I'm not sure I would pop them, maybe let it do it slowly and naturaly? Anyone?


----------



## mistergreen (Mar 3, 2007)

I would think popping them so they'd release out of the soil would be a good thing so they don't have the chance to dissolve into the water... And in the process, I'd create 'holes' for aerobic respiration.

My tank nano tank is only a few weeks old... There are some roots... and they're not turning black although the roots on my little sword plantlet did melt.


----------



## TeutonJon78 (Nov 10, 2004)

I always have tons of bubbles coming out of my soil. It could be H2S, but I haven't noticed any egg smell, just the usual dirt and pond smell. Remember, if you have healthy roots, it could also just be trapped air from setting up the tank or O2 from the roots.


----------



## DonaldmBoyer (Aug 18, 2005)

It is H2S.......oxygen is released through the leaves (a little from the stems) of plants where photosynthesis occurs.

If your tank is pretty new, it is likely that you have some detritus or other matter in the substrate which has been slowly rotting. It should stop after a little while (few more weeks) as the substrate and everything in it becomes used to being submerged. Your shrimps will be fine as long as you are making partial water changes every week.

If the problem persists, or you are getting a ton of bubbles coming up, you may want to change your substrate in a few weeks.
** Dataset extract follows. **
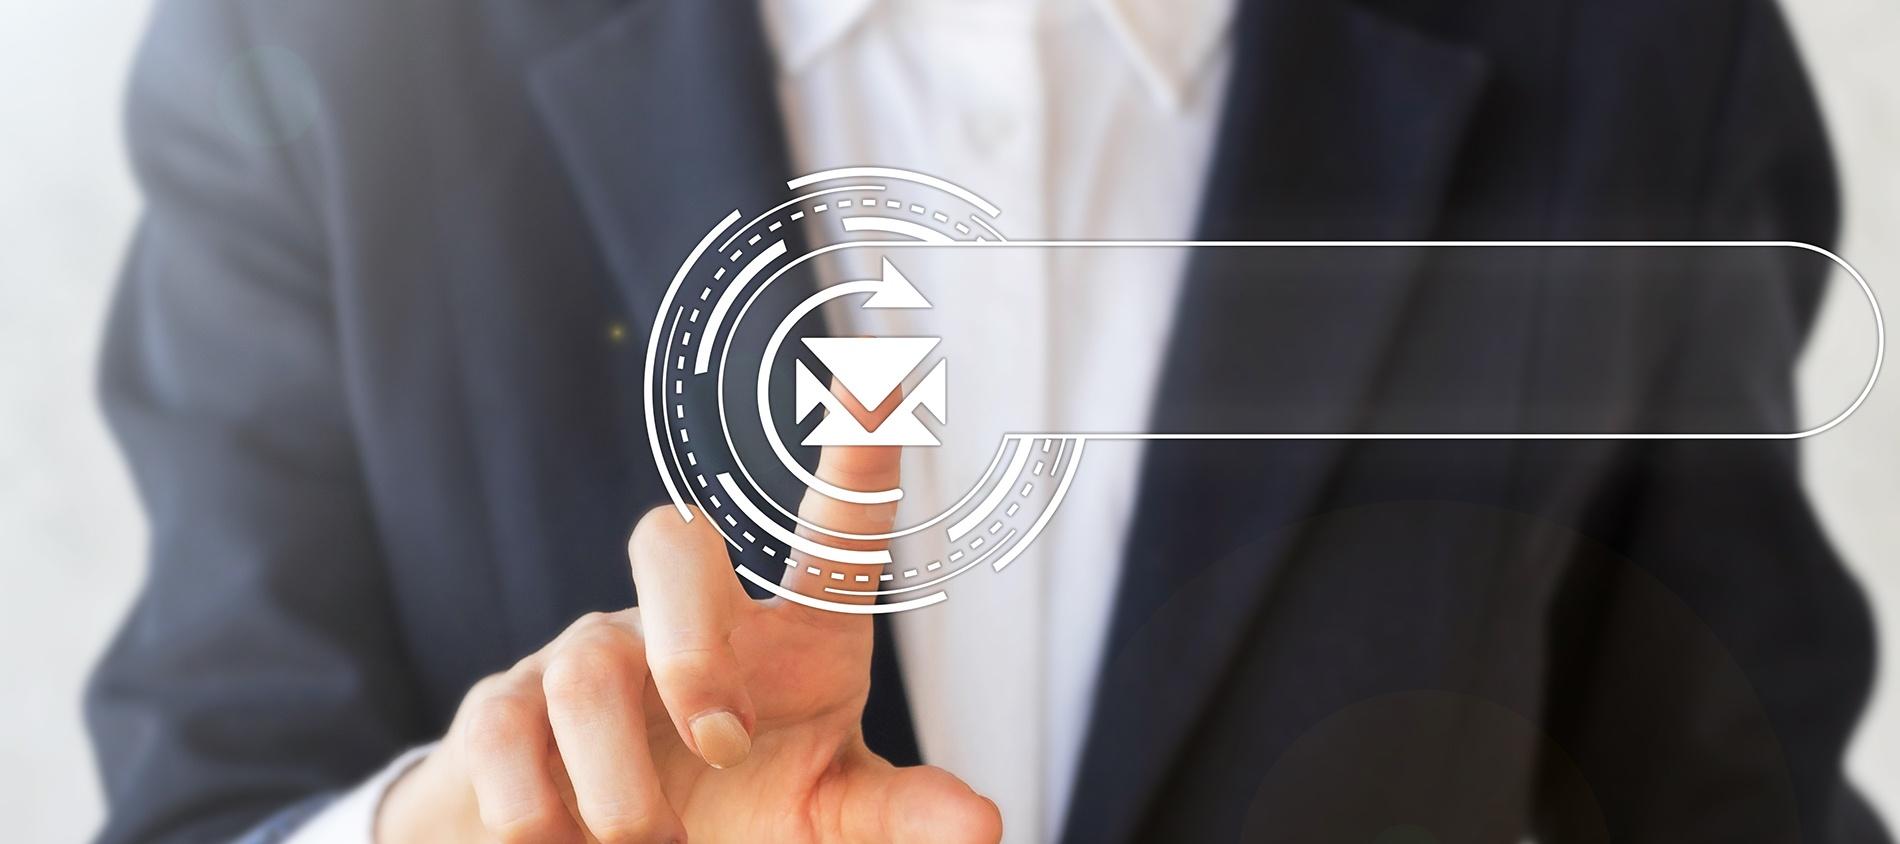 El E-Mailing como estrategia de ventas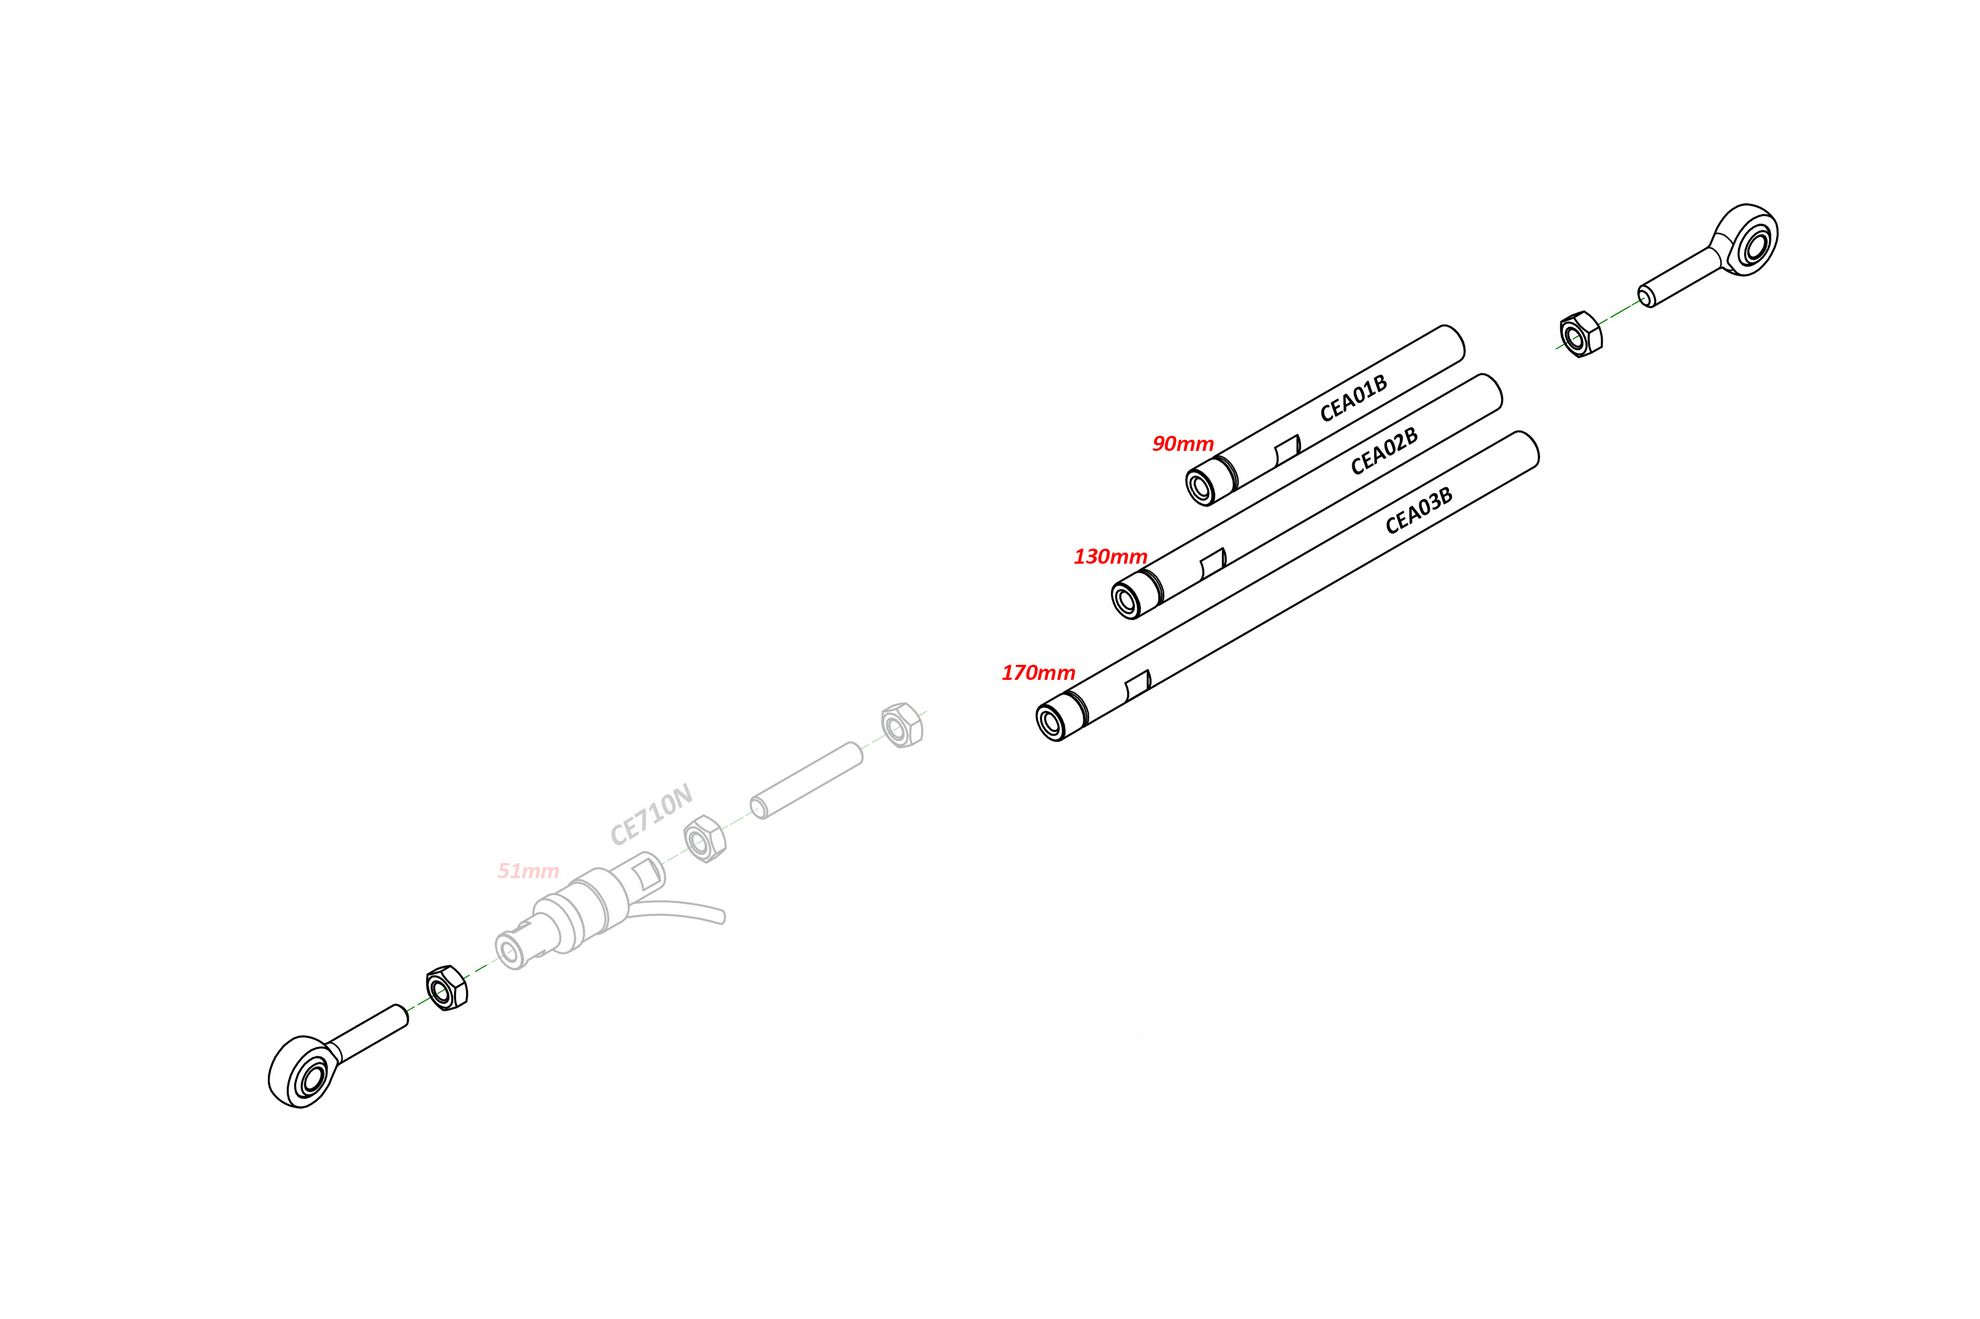 Universal Power Shifter Cnc Racing Wiring Diagram Bmw S1000rr Ducati Multistrada 1200

I pretty sure that what you are experiencing is pretty normal, though.

Teuton's bubbles are normal......and most aquariums should have a very slight pond odor.


----------



## mistergreen (Mar 3, 2007)

I did a test for ammonia.. i'm getting 0.10 ppm..
If there's decomposition going on, shouldn't there be more NH3?

There's plenty of H2S still.


----------



## stepheus (Jun 13, 2006)

I dont think there'll be a lot ammonia in the water if you dint force diffuse them into the water, or if something really bad is happening in the water, like if a rotting 1/2 ft pleco is in it. 

is there a strict threshold where dissolved ammonia gets dangerous? btw, the bubbles in the substrate can be lessened if the substrate thickness is less than 2 inches, plus, aeration by Malaysian trumpet snail would be best.


----------